Geometric Analysis

Geometric estimators calculate the "Intrinsic Dimension" (ID) based on distances between points, rather than variance of global projections. This is crucial for manifolds that are non-linear (e.g., a Swiss Roll).

The Swiss Roll Problem

A "Swiss Roll" is a 2D plane rolled up in 3D.

PCA will see it as 3D (because variance exists in x, y, z).
Geometric ID should see it as 2D (locally, it's a plane).

import numpy as np
import effdim
from sklearn.datasets import make_swiss_roll

# Generate Swiss Roll
X, _ = make_swiss_roll(n_samples=2000, noise=0.01)

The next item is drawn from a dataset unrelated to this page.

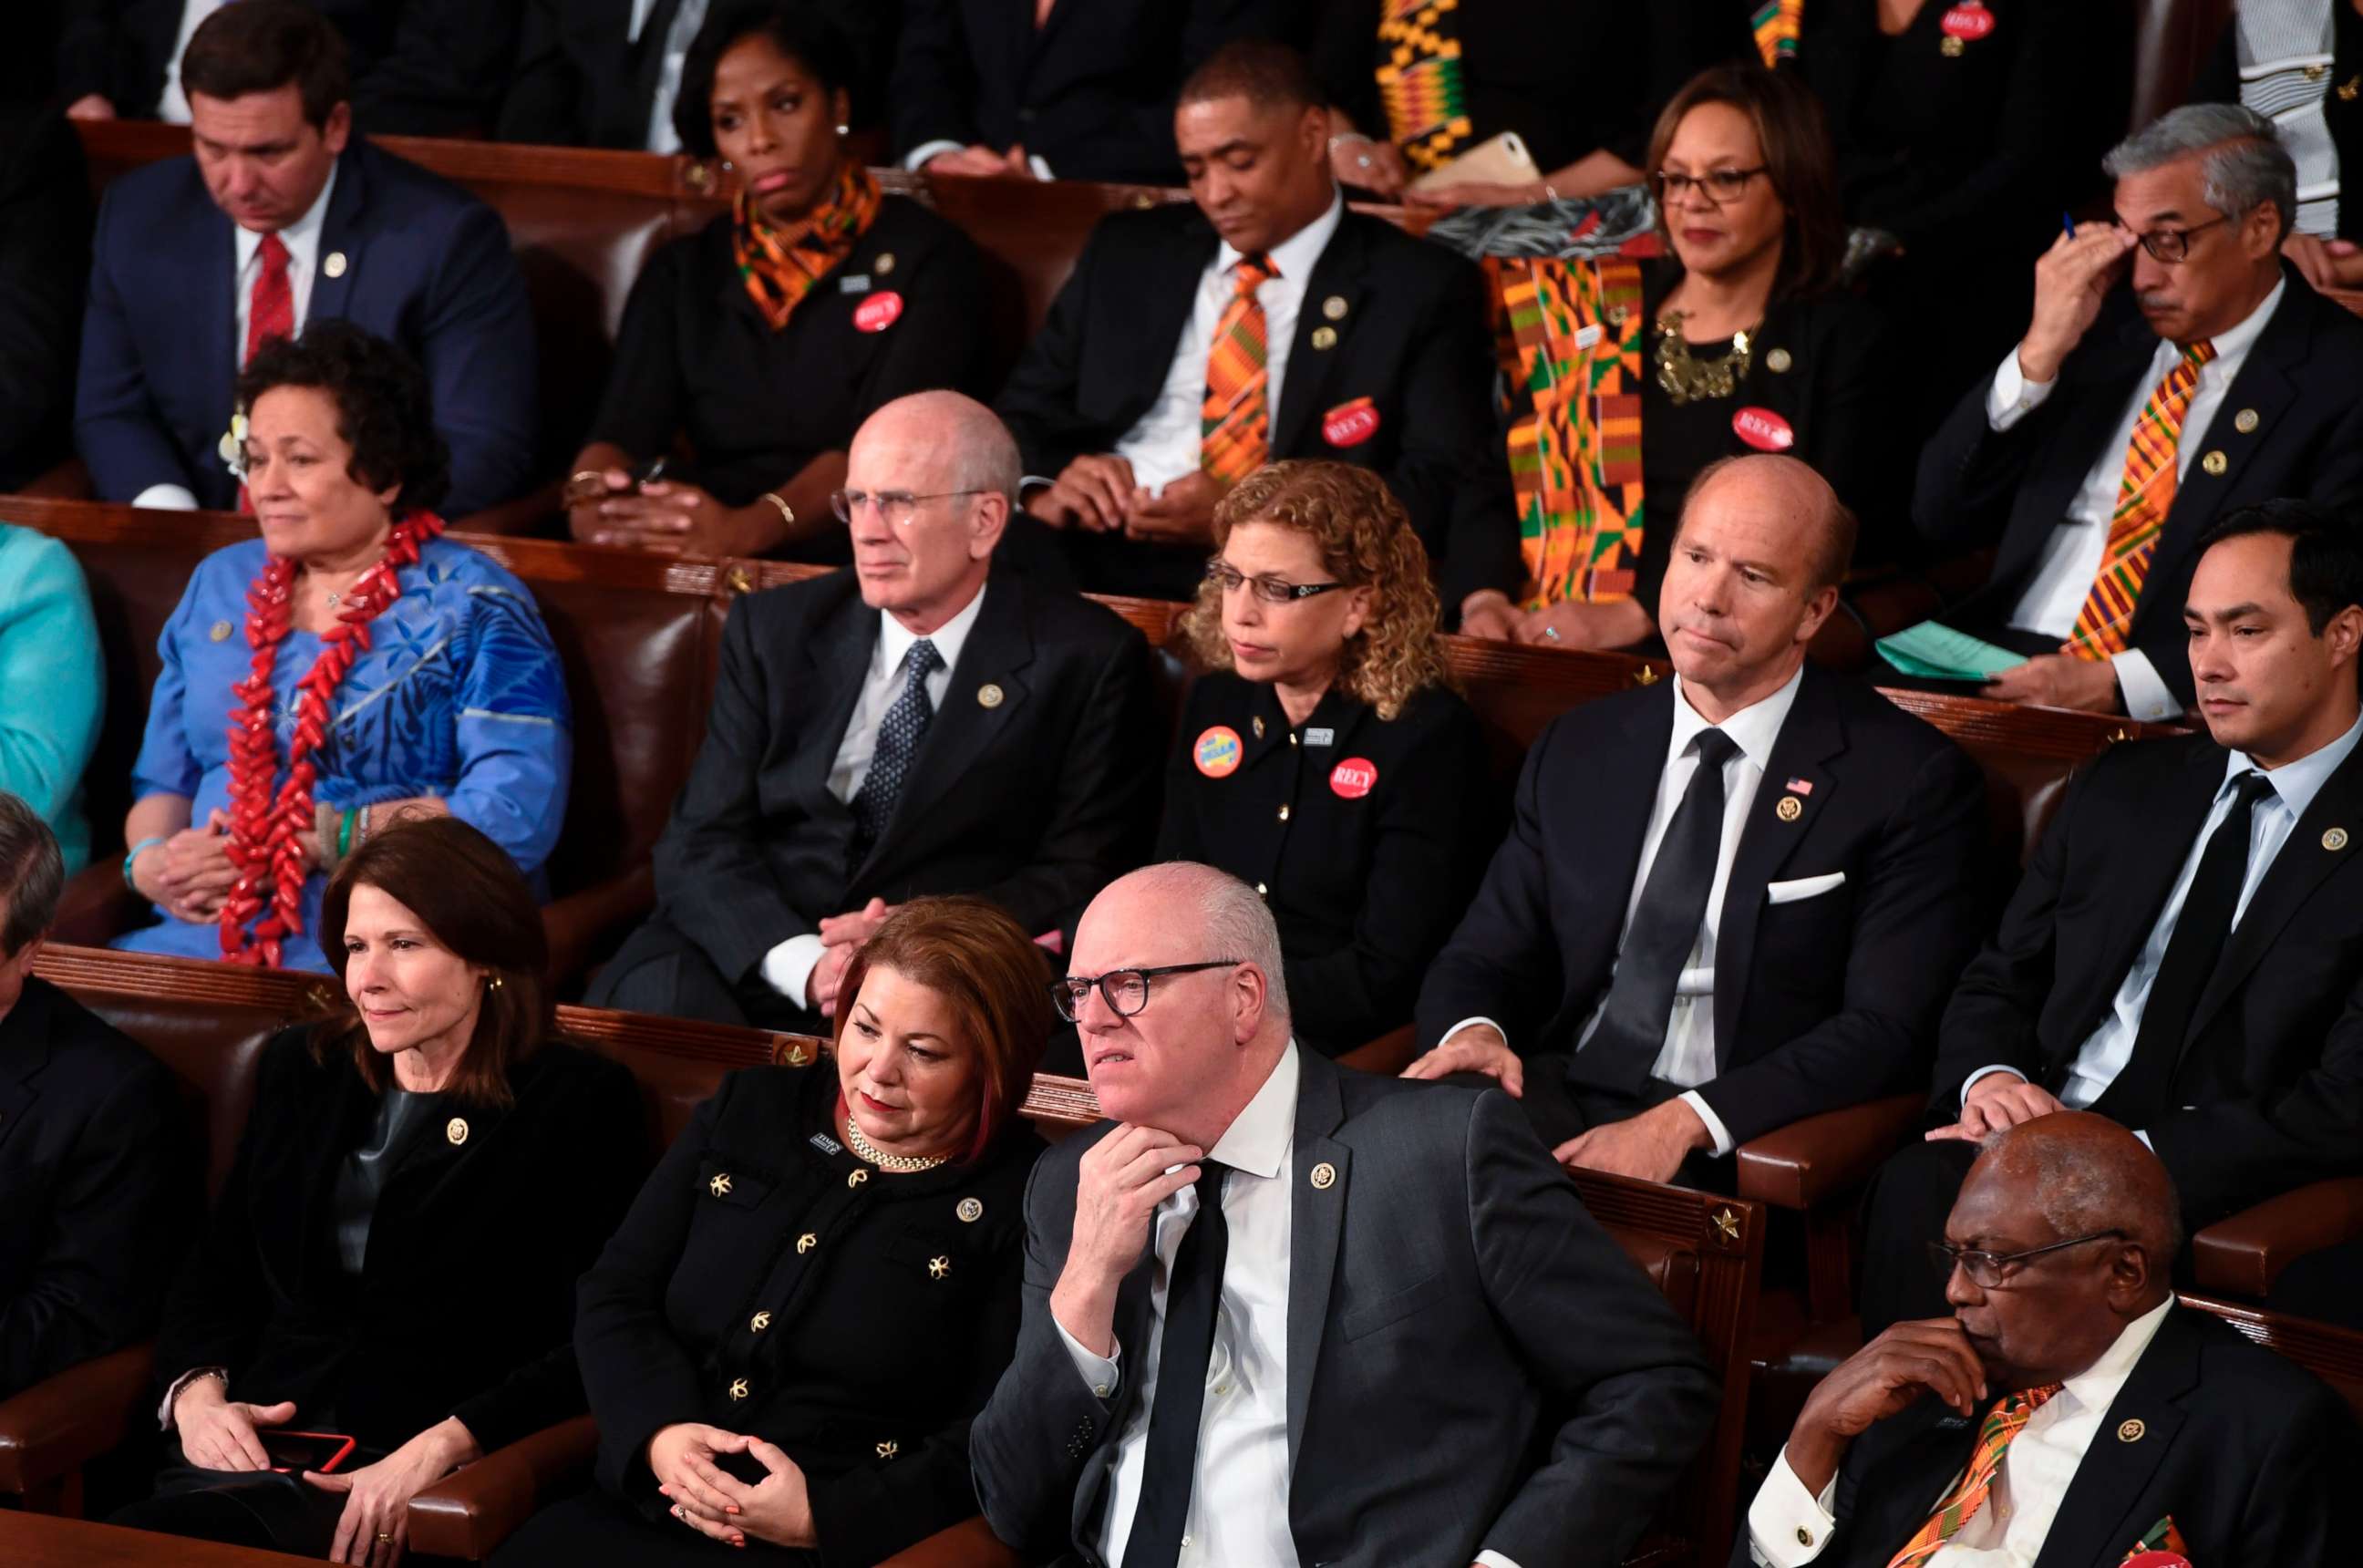 PHOTO: Democratic Senators, House representative, and guests sit and look on as President Donald Trump delivers the State of the Union address at the US Capitol in Washington, Jan. 30, 2018.

# Compute dimensionalities
results = effdim.compute_dim(X)

# PCA
pca_dim = results['pca_explained_variance_95']
print(f"Global PCA Dimension: {pca_dim}")
# Likely 3, because the roll occupies 3D volume globally.

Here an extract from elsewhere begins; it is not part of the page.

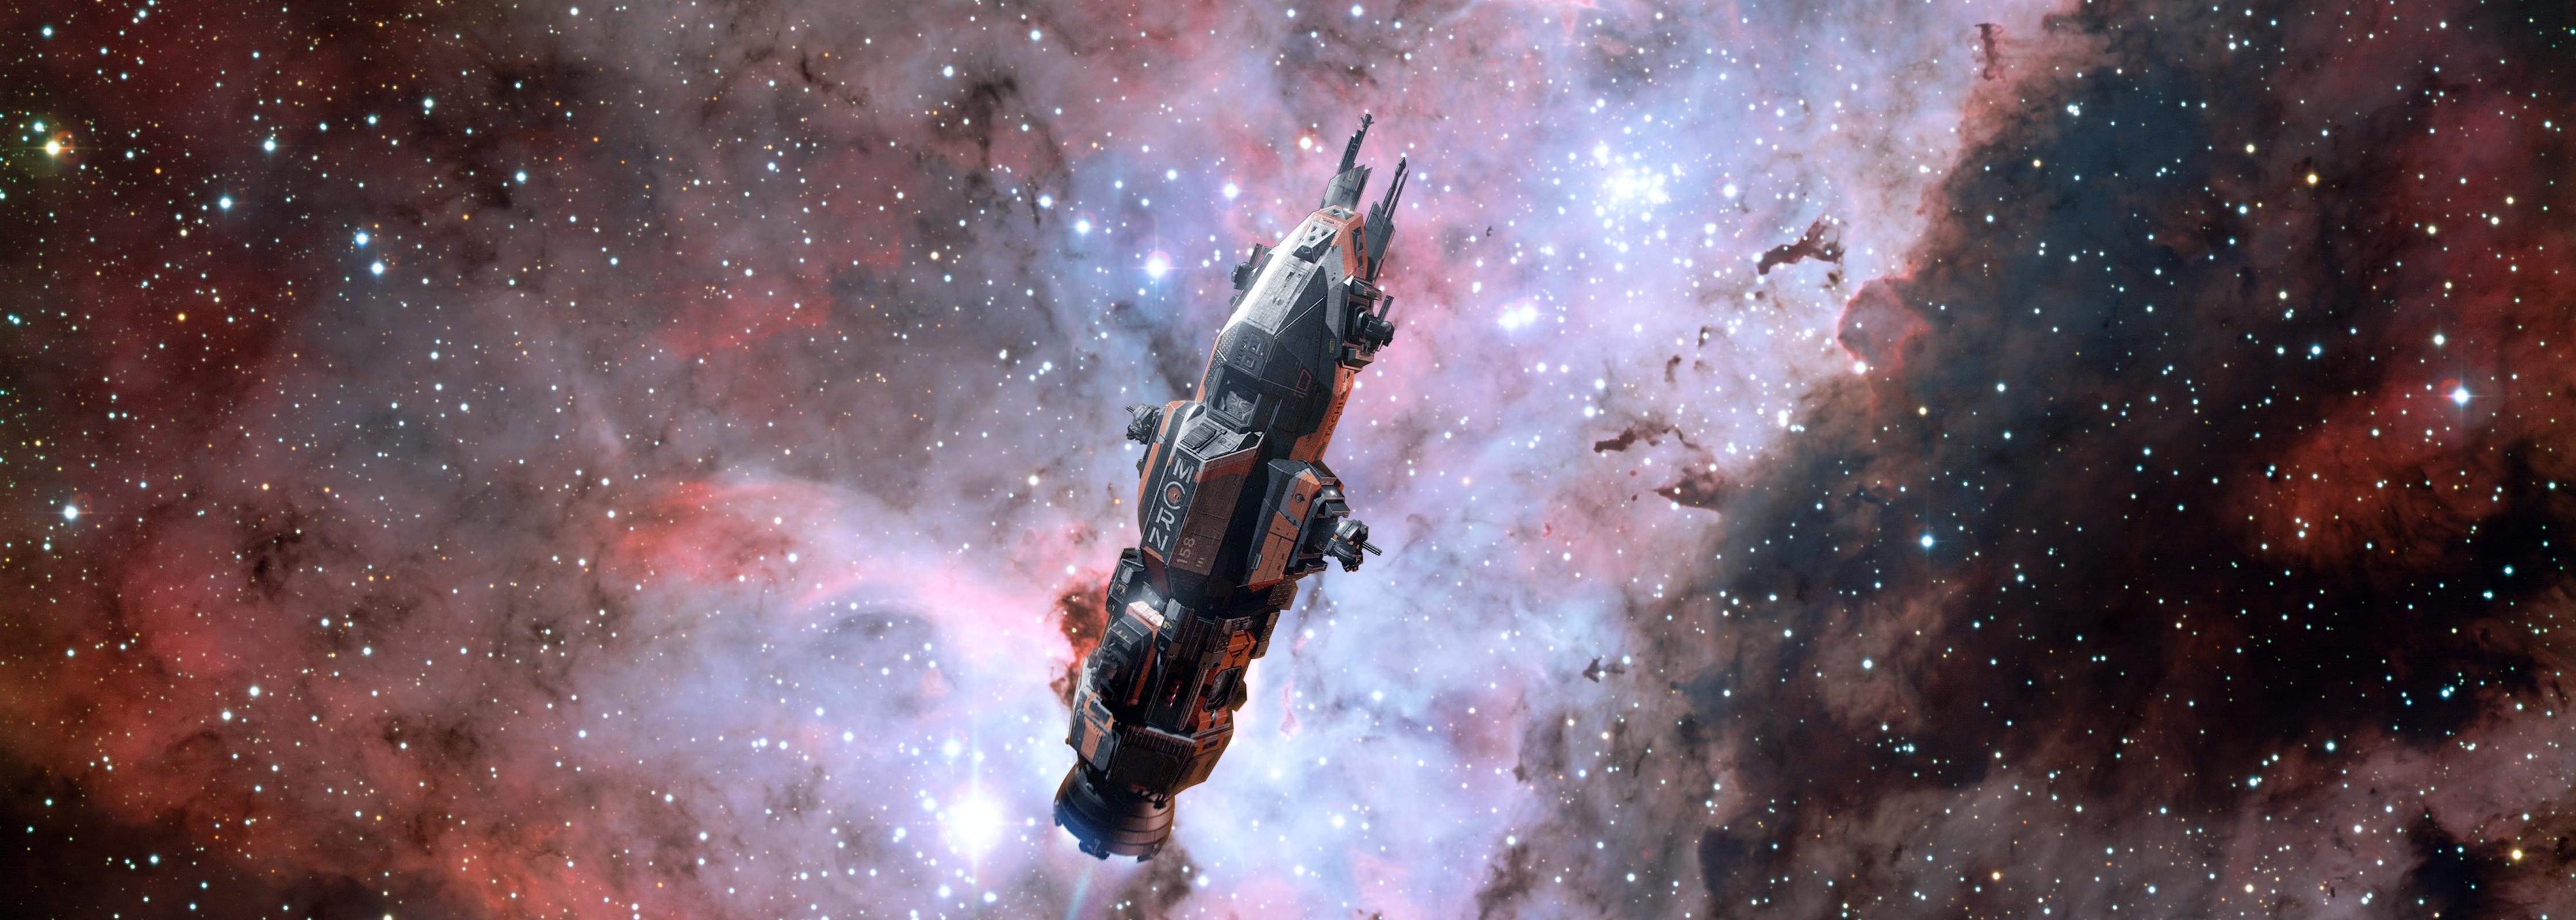 The Expanse Space Science Fiction Tv Series TV Spaceship Rocinante 4480x1600

# kNN Intrinsic Dimension (MLE)
knn_dim = results['mle_dimensionality']
print(f"kNN Intrinsic Dimension: {knn_dim:.2f}")
# Should be close to 2.0

# Two-NN
twonn_dim = results['two_nn_dimensionality']
print(f"Two-NN Intrinsic Dimension: {twonn_dim:.2f}")
# Should be close to 2.0

When to use Geometric Estimators?

Non-linear manifolds: Image datasets (digits, faces) often lie on low-dimensional non-linear manifolds.
Manifold Learning: Checking if your autoencoder latent space has matched the intrinsic dimension of the data.
Local Analysis: Using pure geometry approaches can capture local variability better.

Limitations

Computational Cost: Requires computing nearest neighbors, which can be slow for large \(N\). effdim utilizes the highly efficient CFaiss implementation under the hood to speed this up.
Curse of Dimensionality: In extremely high dimensions, distance concentration can make geometric estimation unstable.